Nel lungo passaggio dal neolitico alla protostoria Sarda si sviluppa  nell’isola una civiltà  definita  “nurake”  che  sotto gli aspetti    architettonici ed urbanistici  appare  inedita e per alcuni versi  sconvolgente. I circa 7000   complessi   sparsi sul territorio Sardo negano  il concetto  stesso di edificio  e si pongono come aggregati  che condensano in tutt’uno  il  significato di architettura ed urbanistica. 

Essi non sono edifici intesi nella accezione di   singola unità per abitare, ma non sono neanche città in quanto la loro dimensione risulta costantemente riconducibile ad unità di vicinato, rappresentando però in modo eccezionale  una comunità  spalmata sul territorio  capace d’iniziativa, espansiva ed estroversa per la pienezza di identità e la forza culturale dimostrate,nel riscontro archeologico, dai grandiosi monumenti architettonici.  Giovanni Lilliu.

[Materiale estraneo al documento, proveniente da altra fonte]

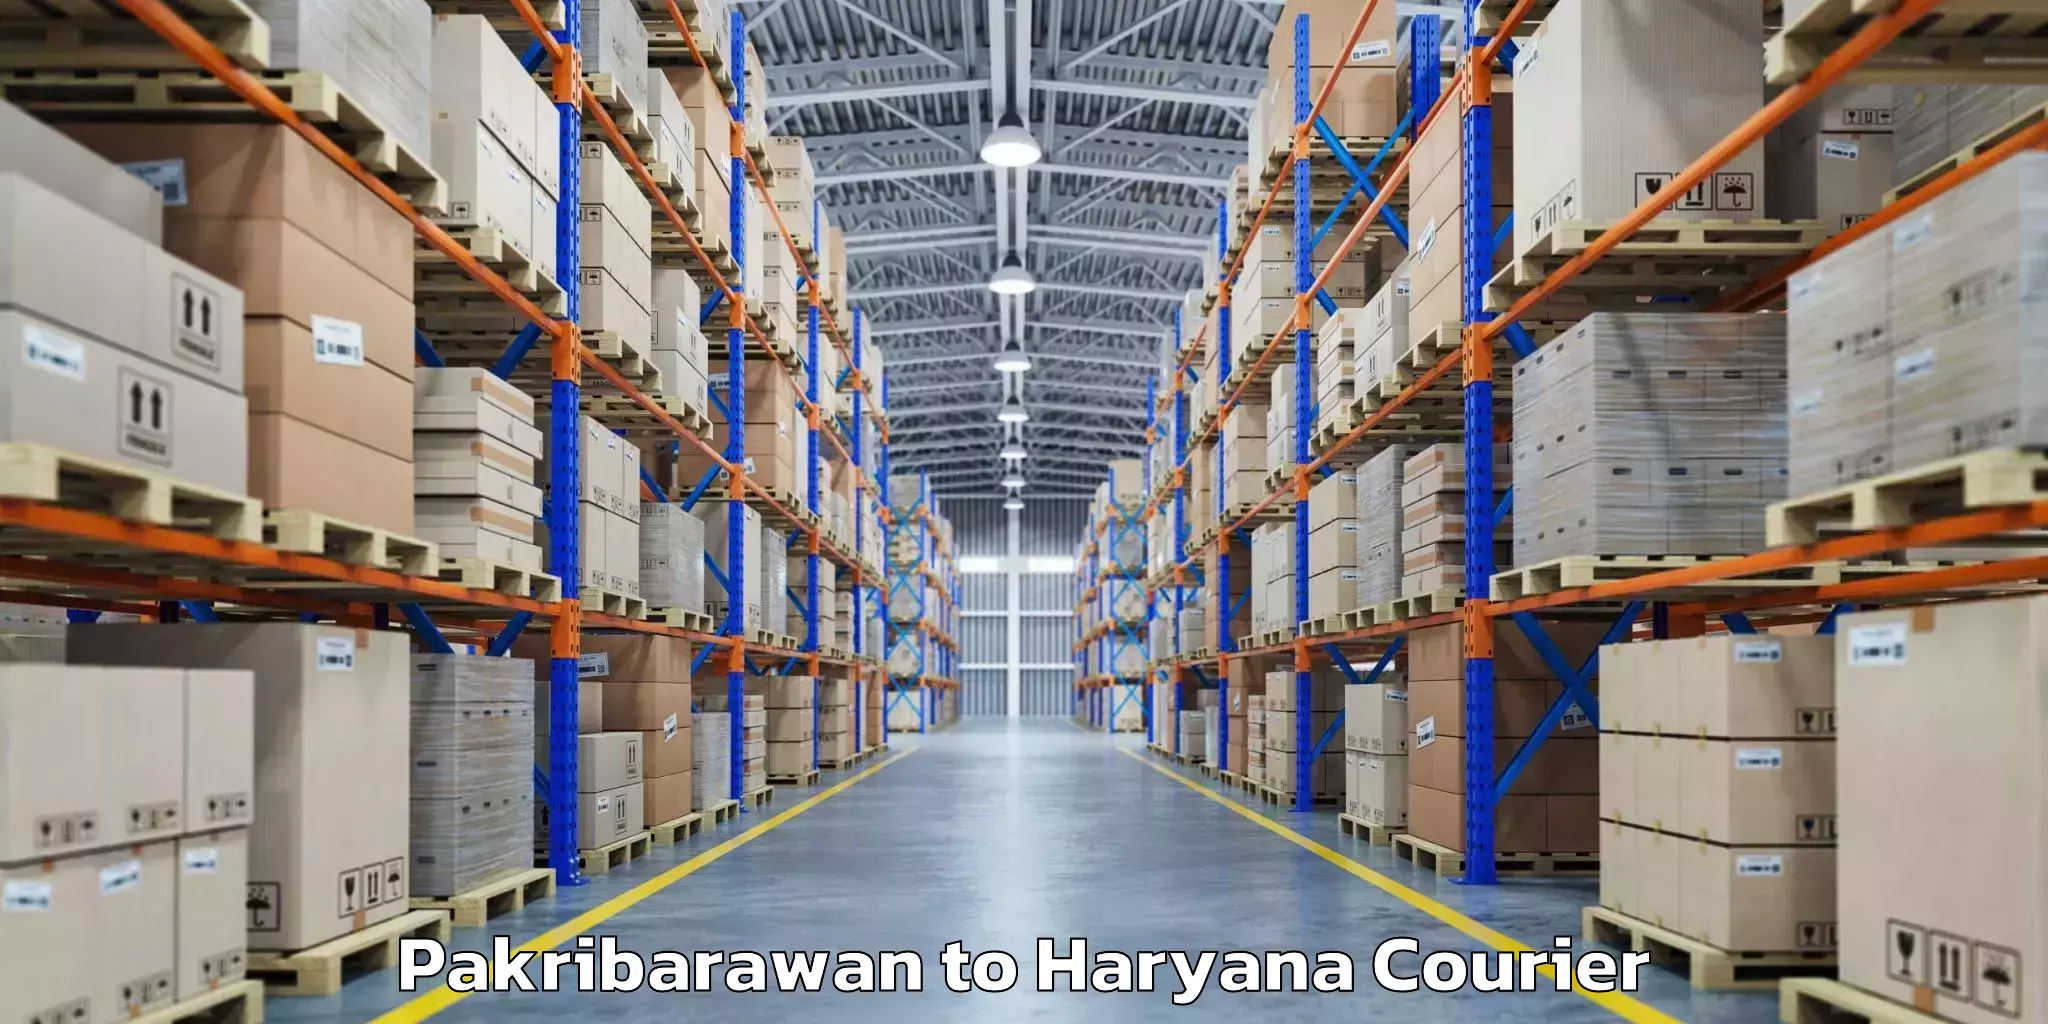 Baggage shipping service Pakribarawan to Haryana

La civiltà Nuragica”   In quel tempo nell’isola non esistevano città ma la popolazione di  circa 300.000 abitanti viveva nelle 7000 unità presenti sul territorio.

Tutto il nostro bagaglio culturale  di derivazione greco-romana  basato sulla  linearità è immediatamente azzerato in un  coacervo di sensazioni  che rimandano ad una modernità primordiale  esente di qualsiasi intellettualismo  e rapportata unicamente  al vivere quotidiano.

Gli organismi nuragici  nascono per gemmazione continua  e con un continuo rapporto con  l’intorno, non esistono geometrie ma una  linea costante  auto-rappresentata nella  sinuosità e nel curvilineo.

La collettività nurake  non conosceva  la linea dritta  ma  unicamente la linea in quanto tale e la utilizzava con la libertà  anarchica  di chi non pone i limiti e le regole intervenute dopo  la conquista romana.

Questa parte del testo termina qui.